Human Perception of Uncertainty in Large Language Models

The Uncertainty of Large Language Models as Reflected in Human Perception

Large language models (LLMs) have made enormous progress in recent years and have become an integral part of many applications, from chatbots and automated text generation to research. However, with the increasing performance of these models, the question of their reliability and the assessment of their uncertainty is also coming into focus. A deeper understanding of the uncertainty of LLMs is crucial to both improve control over the models and strengthen user trust.

Current research is intensively engaged in quantifying the uncertainty of LLMs. Various approaches are being pursued, ranging from theoretically grounded measures to observing the behavior of the models. A promising branch of research focuses on the correlation between the uncertainty of LLMs and human perception of uncertainty.

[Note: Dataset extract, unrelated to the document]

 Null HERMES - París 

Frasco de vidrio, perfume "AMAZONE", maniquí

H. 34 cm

A recently published study investigates a range of uncertainty measures to identify those that correlate with human uncertainty at the group level. The results show that Bayesian measures and a variation of entropy measures, the top-k entropy, tend to align with human behavior depending on the model size. Interestingly, it was found that some strong measures decrease in their similarity to human uncertainty as model size increases.

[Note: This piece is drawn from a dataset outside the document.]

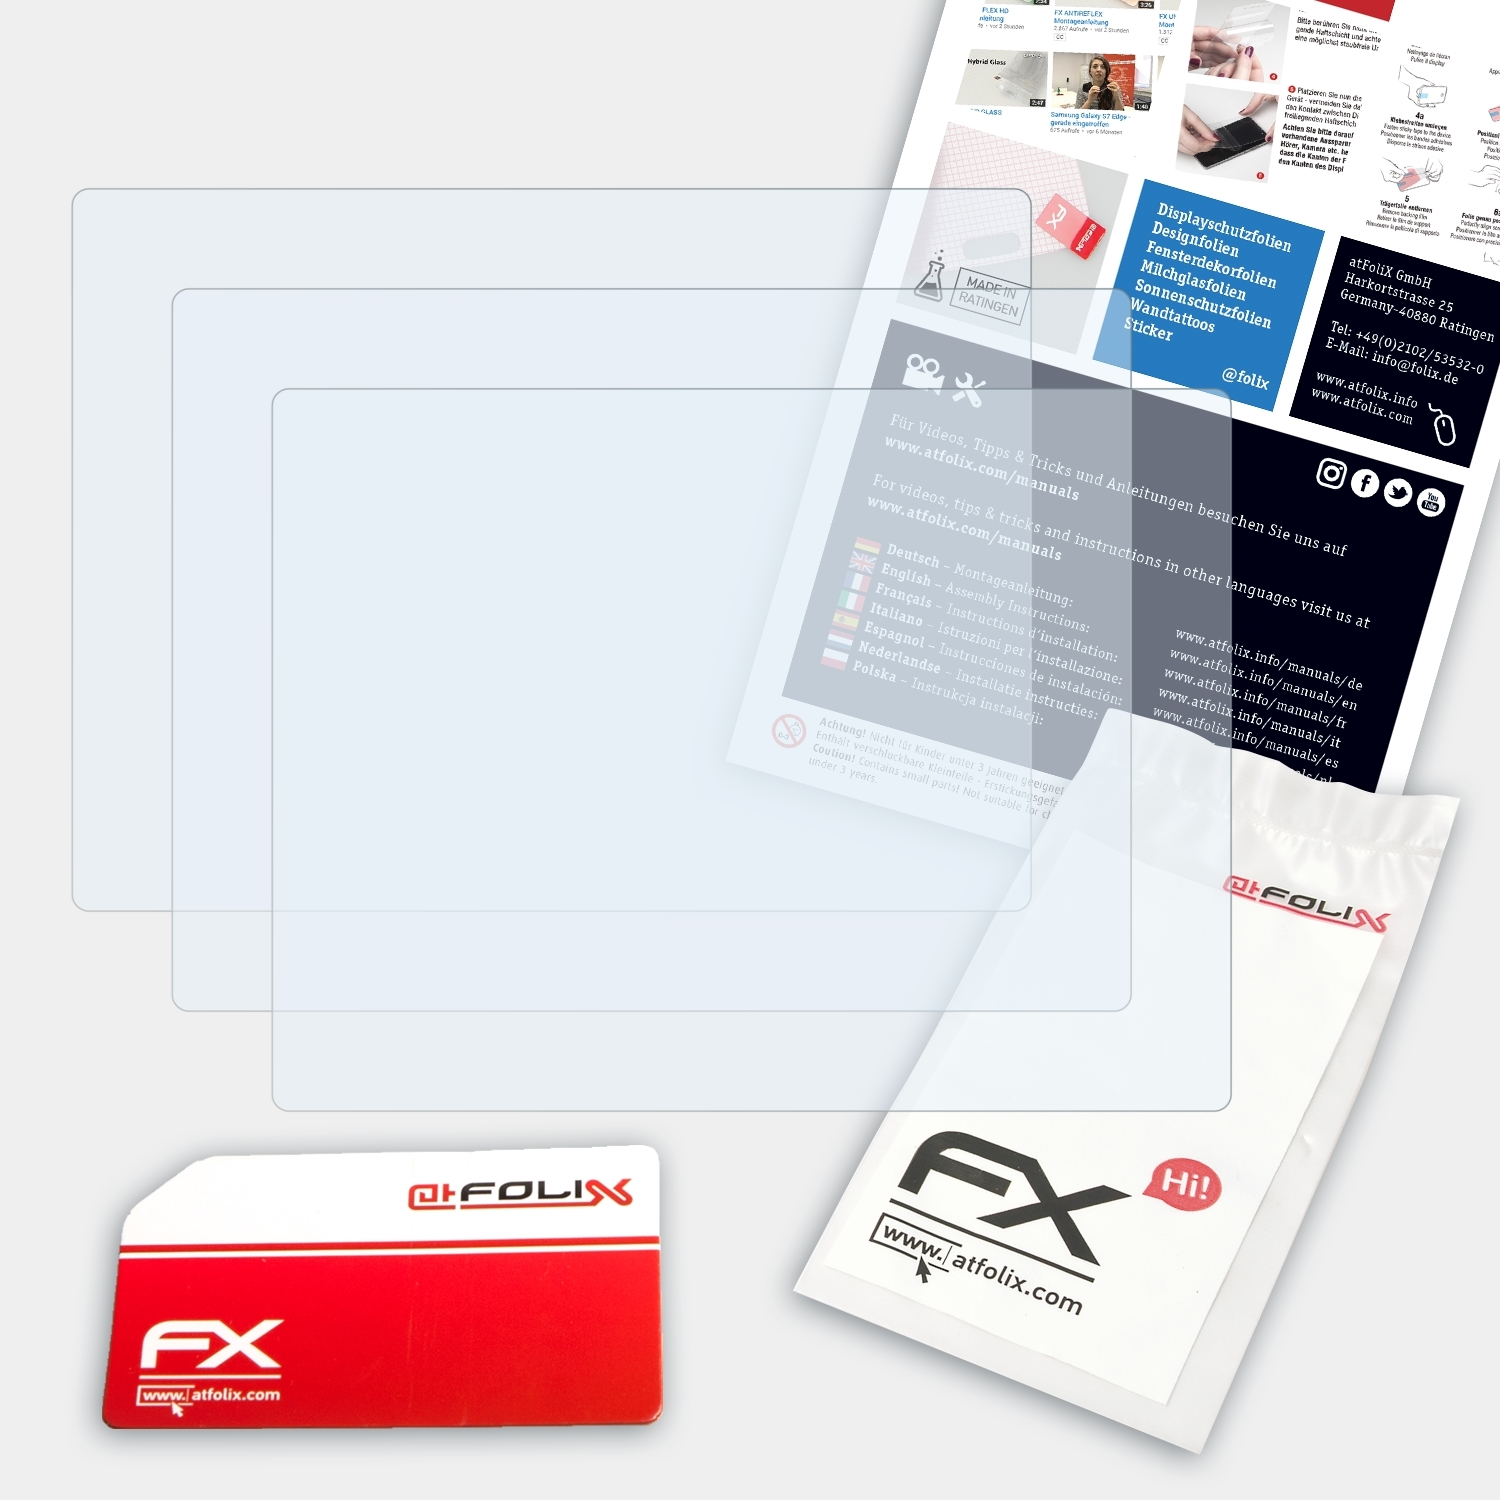 3x FX-Clear ATFOLIX X100) FinePix Fujifilm Displayschutz(für

Multiple linear regression demonstrated that combining several uncertainty measures allows for a comparable match with human uncertainty while reducing the dependence on model size. This finding opens up new possibilities for the development of more robust and reliable LLMs.

The Significance for AI Applications

The findings of this research are particularly relevant for companies like Mindverse, which specialize in the development and implementation of AI solutions. A better understanding of the uncertainty of LLMs enables the development of tailored solutions such as chatbots, voicebots, AI search engines, and knowledge systems that are more precise, reliable, and trustworthy.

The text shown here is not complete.